+++ /dev/null
-<!doctype html public "-//w3c//dtd html 4.0 transitional//en">
-<!--
- Licensed to the Apache Software Foundation (ASF) under one or more
- contributor license agreements. See the NOTICE file distributed with
- this work for additional information regarding copyright ownership.
- The ASF licenses this file to You under the Apache License, Version 2.0
- (the "License"); you may not use this file except in compliance with
- the License. You may obtain a copy of the License at
-
- http://www.apache.org/licenses/LICENSE-2.0
-
- Unless required by applicable law or agreed to in writing, software
- distributed under the License is distributed on an "AS IS" BASIS,
- WITHOUT WARRANTIES OR CONDITIONS OF ANY KIND, either express or implied.

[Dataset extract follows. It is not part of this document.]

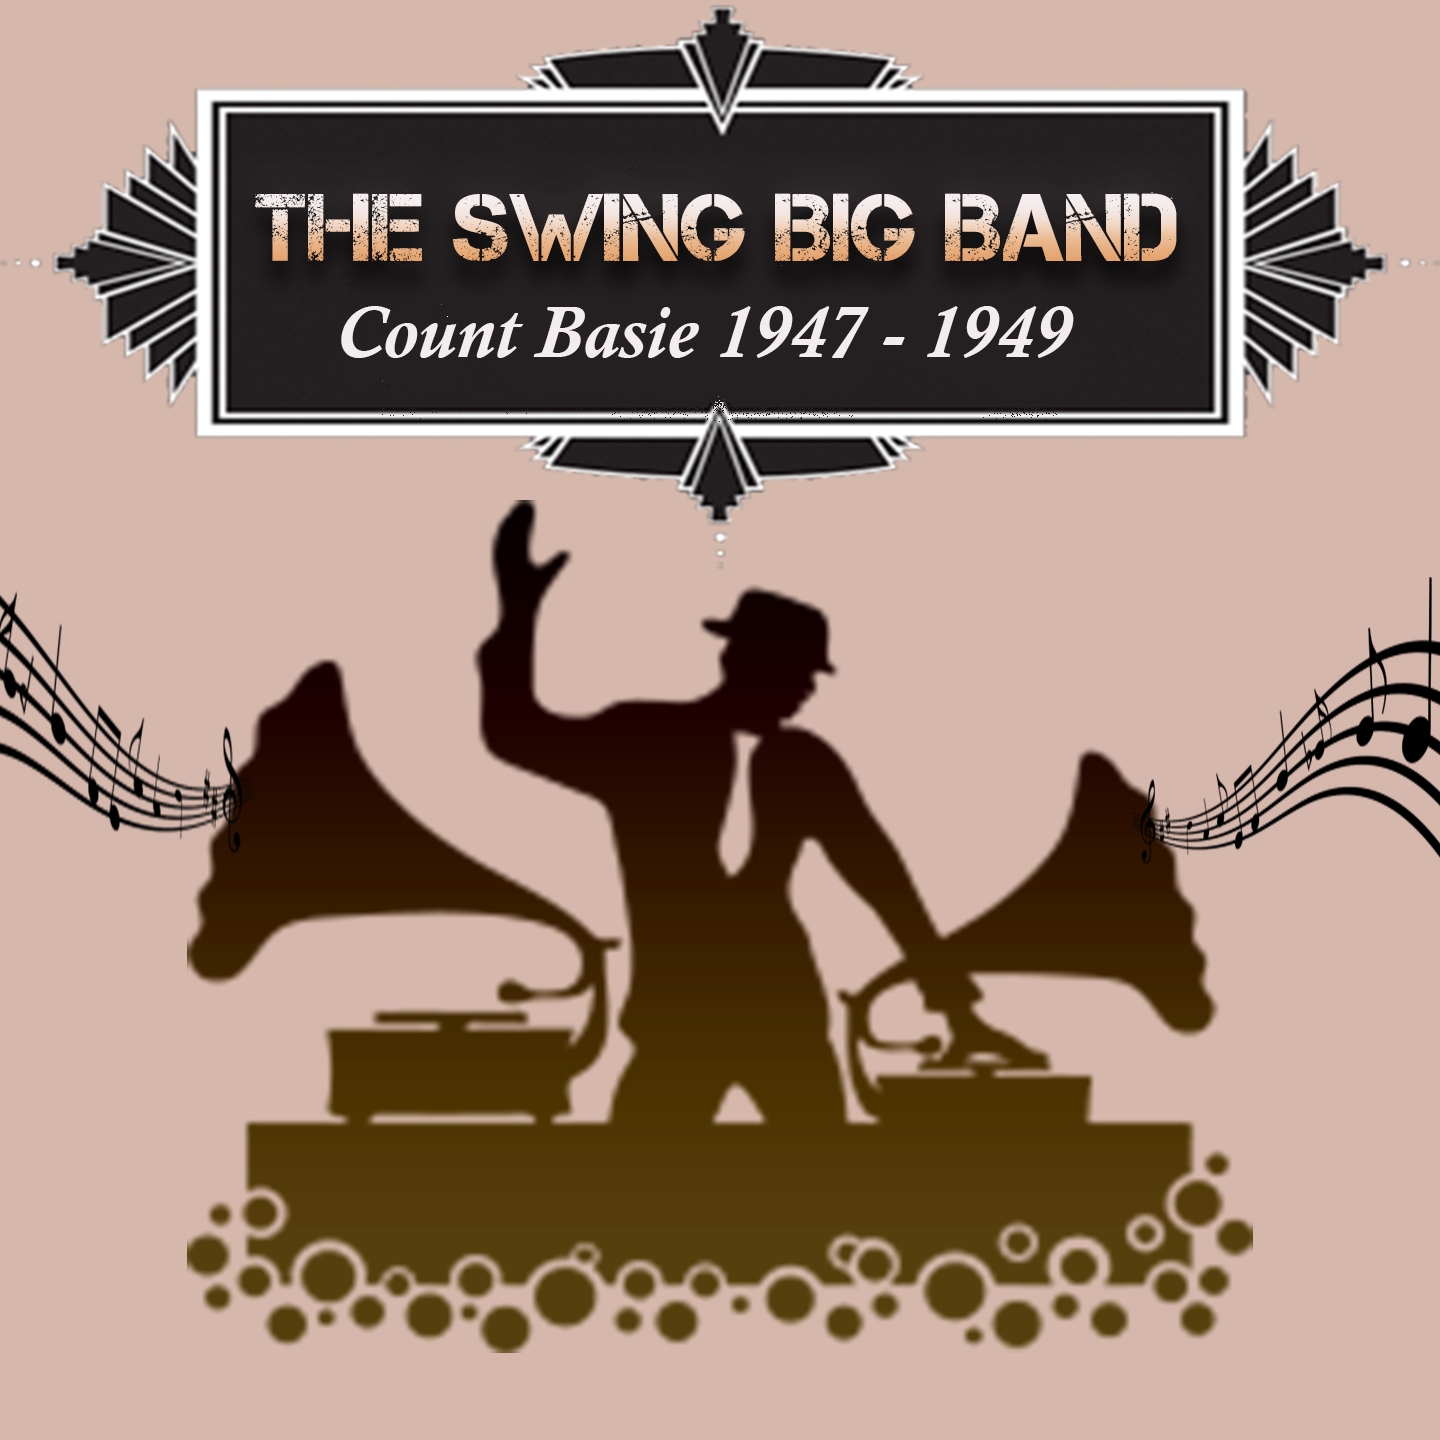 The Swing Big Band, Count Basie 1947 - 1949

- See the License for the specific language governing permissions and
- limitations under the License.
--->
-<html>
-<body>
-This is an another highlighter implementation.
-
-<h2>Features</h2>
-<ul>
-<li>fast for large docs</li>
-<li>support N-gram fields</li>
-<li>support phrase-unit highlighting with slops</li>
-<li>need Java 1.5</li>
-<li>highlight fields need to be TermVector.WITH_POSITIONS_OFFSETS</li>
-<li>take into account query boost to score fragments</li>
-<li>support colored highlight tags</li>
-<li>pluggable FragListBuilder</li>
-<li>pluggable FragmentsBuilder</li>
-</ul>
-
-<h2>Algorithm</h2>
-<p>To explain the algorithm, let's use the following sample text
- (to be highlighted) and user query:</p>
-
-<table border=1>
-<tr>
-<td><b>Sample Text</b></td>
-<td>Lucene is a search engine library.</td>
-</tr>
-<tr>
-<td><b>User Query</b></td>
-<td>Lucene^2 OR "search library"~1</td>
-</tr>
-</table>
-
-<p>The user query is a BooleanQuery that consists of TermQuery("Lucene")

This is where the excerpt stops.